Problem to work on: Word for word, transcribe the lines below and drop the pictures.

---- Dataset content

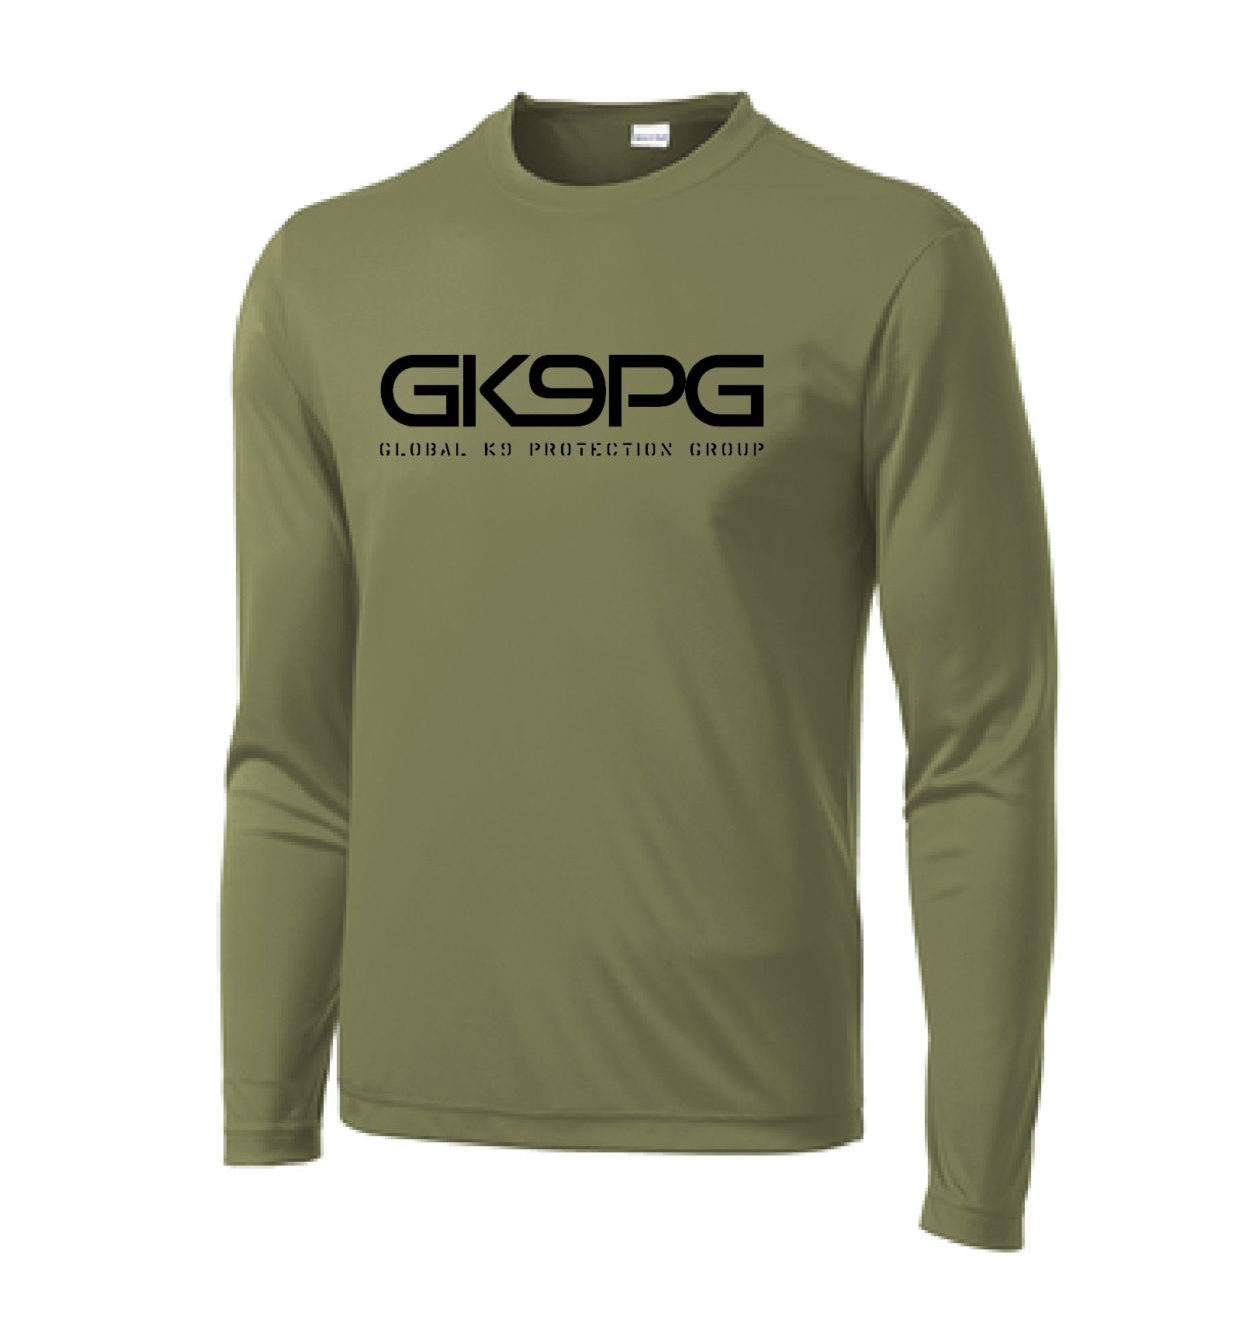 Global K9 Long Sleeve Fishing Shirt - Victory Designs
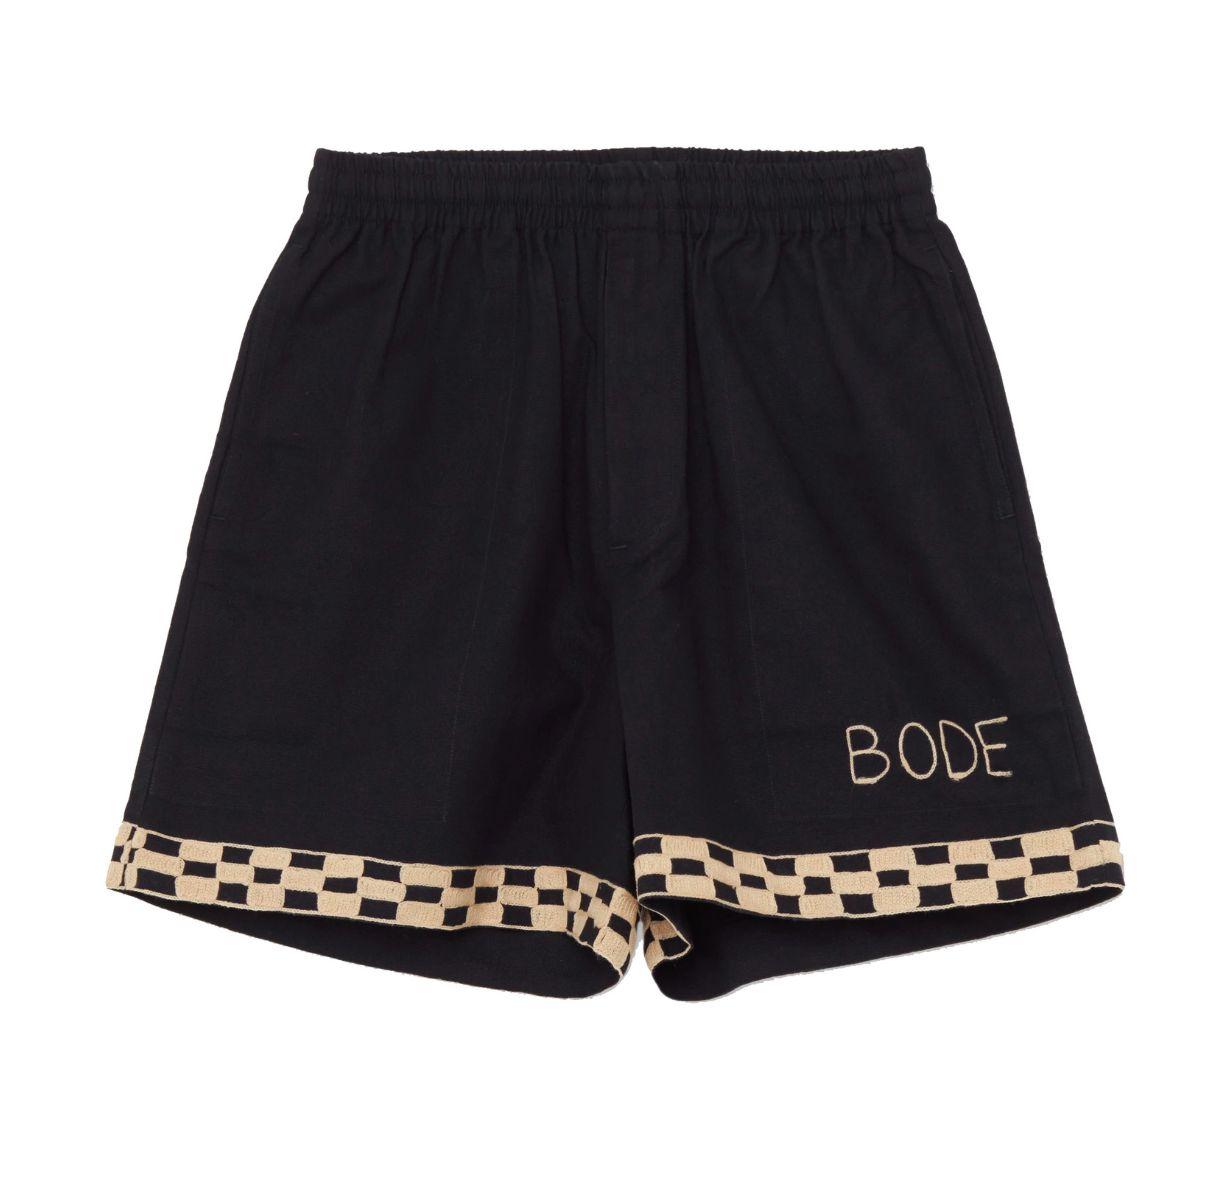 Bode shorts
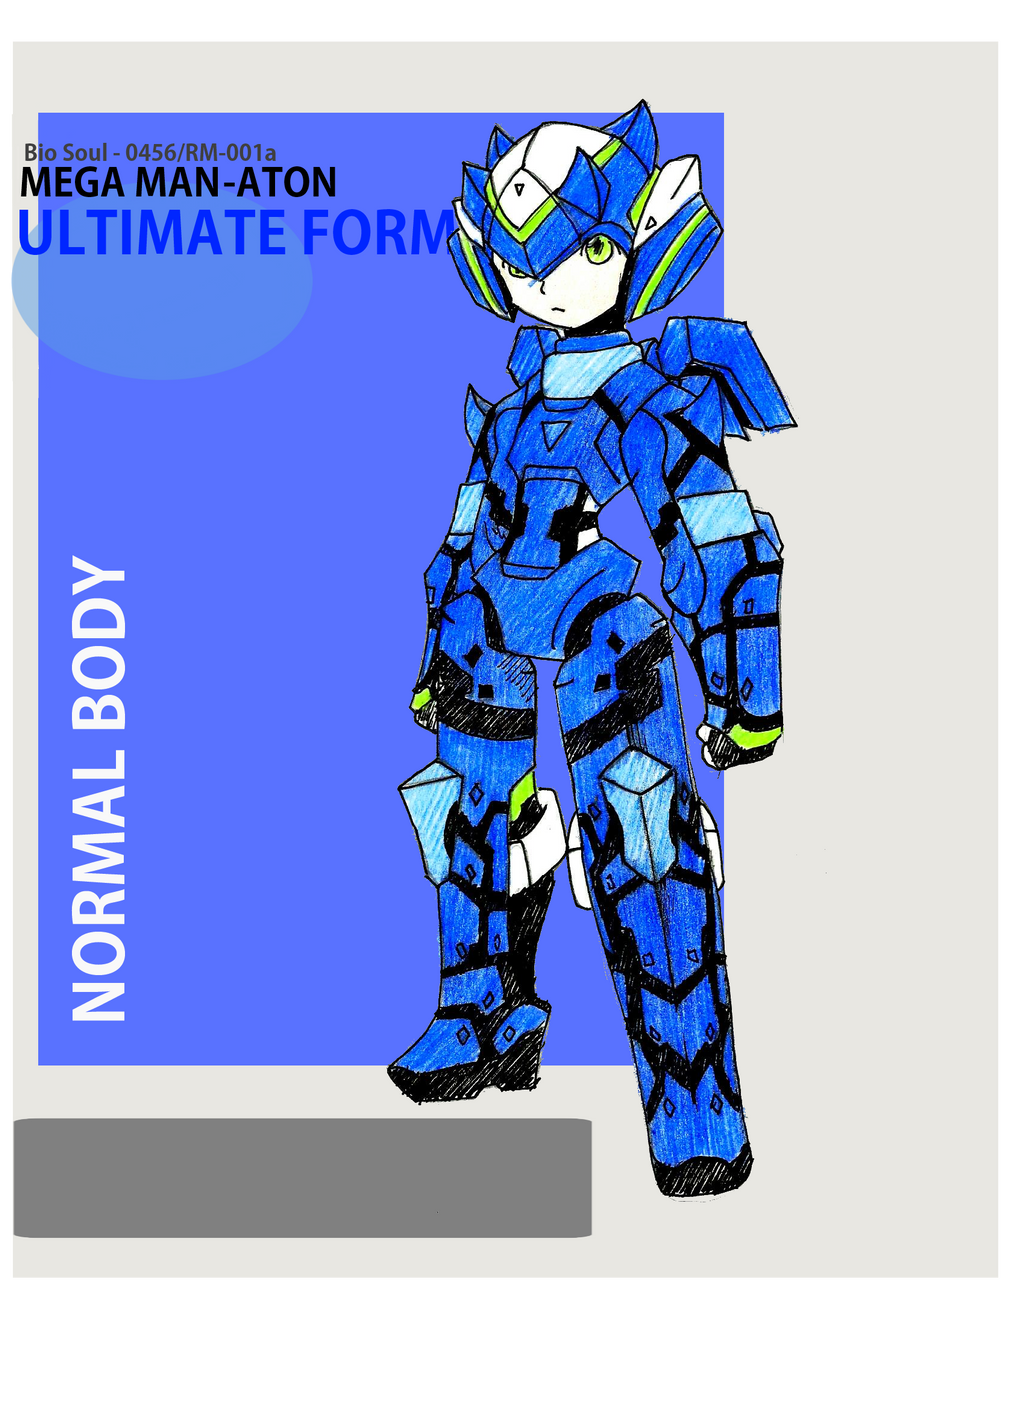 ultimate-form-01-normal-body-by-mugenatonman-on-deviantart
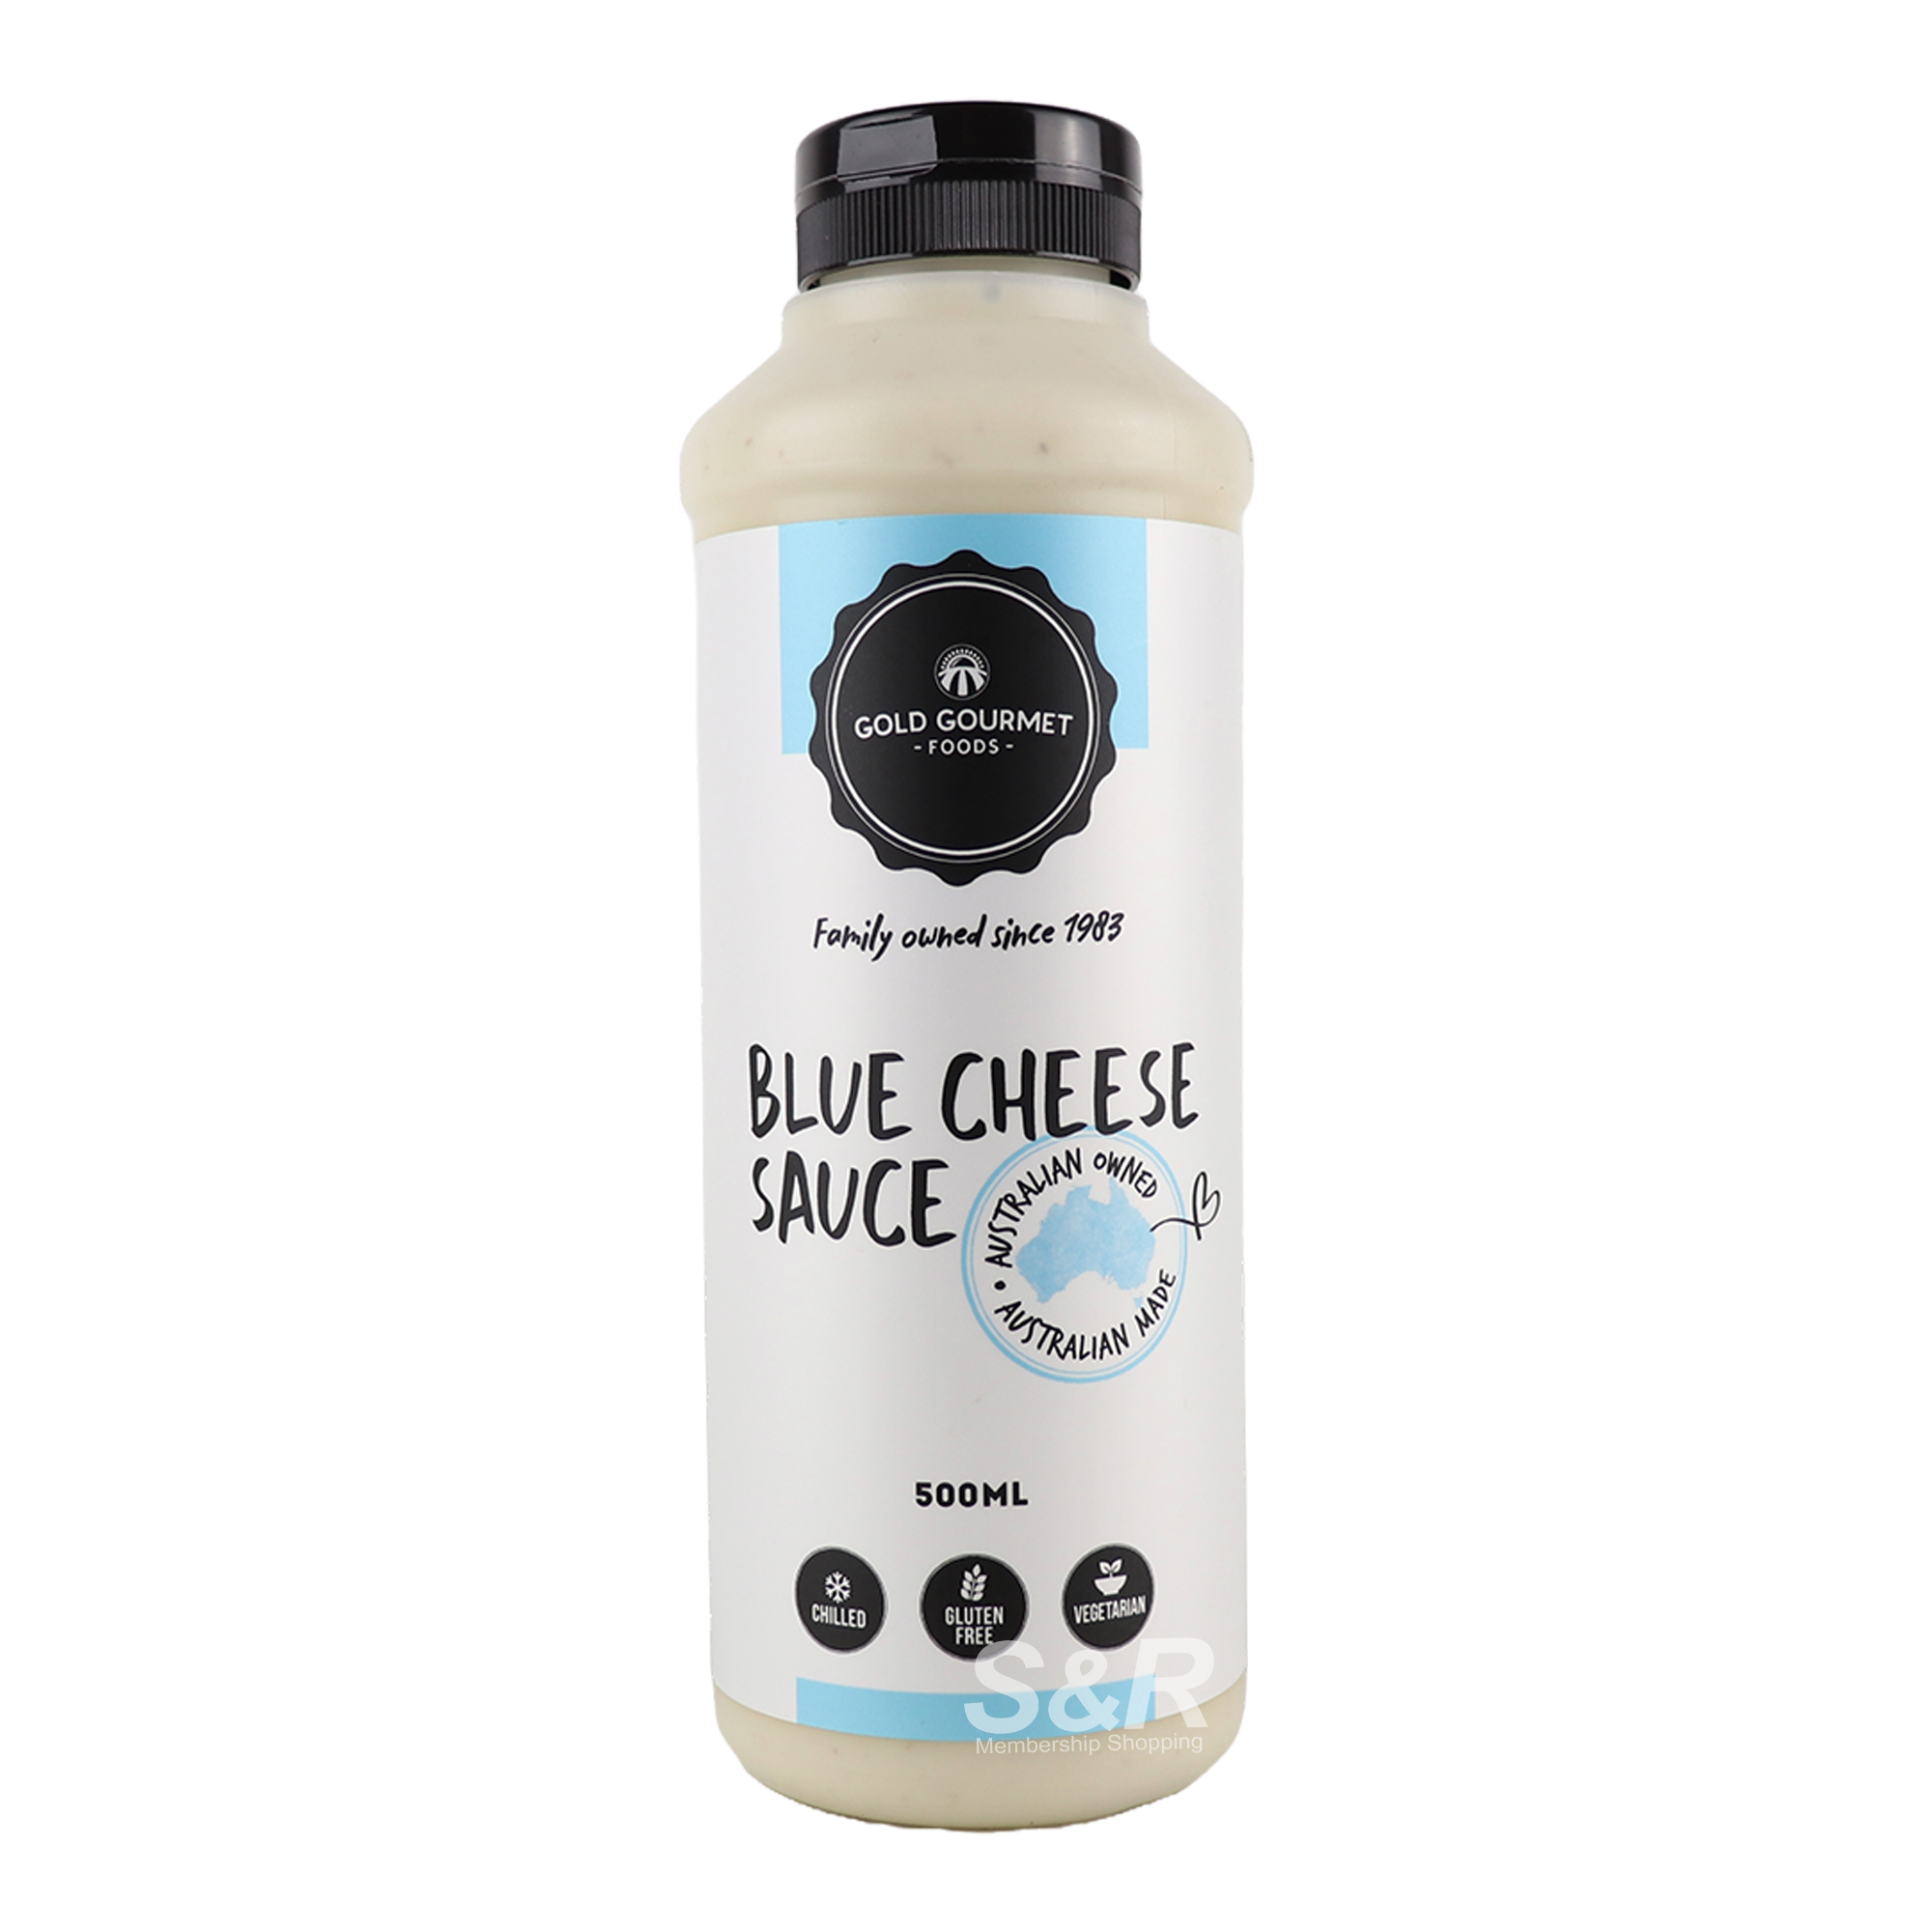 Gold Gourmet Foods Blue Cheese Sauce 500mL

--------

Your response:
 Global K9 Long Sleeve Fishing Shirt - Victory Designs
 Bode shorts
 ultimate-form-01-normal-body-by-mugenatonman-on-deviantart
 Gold Gourmet Foods Blue Cheese Sauce 500mL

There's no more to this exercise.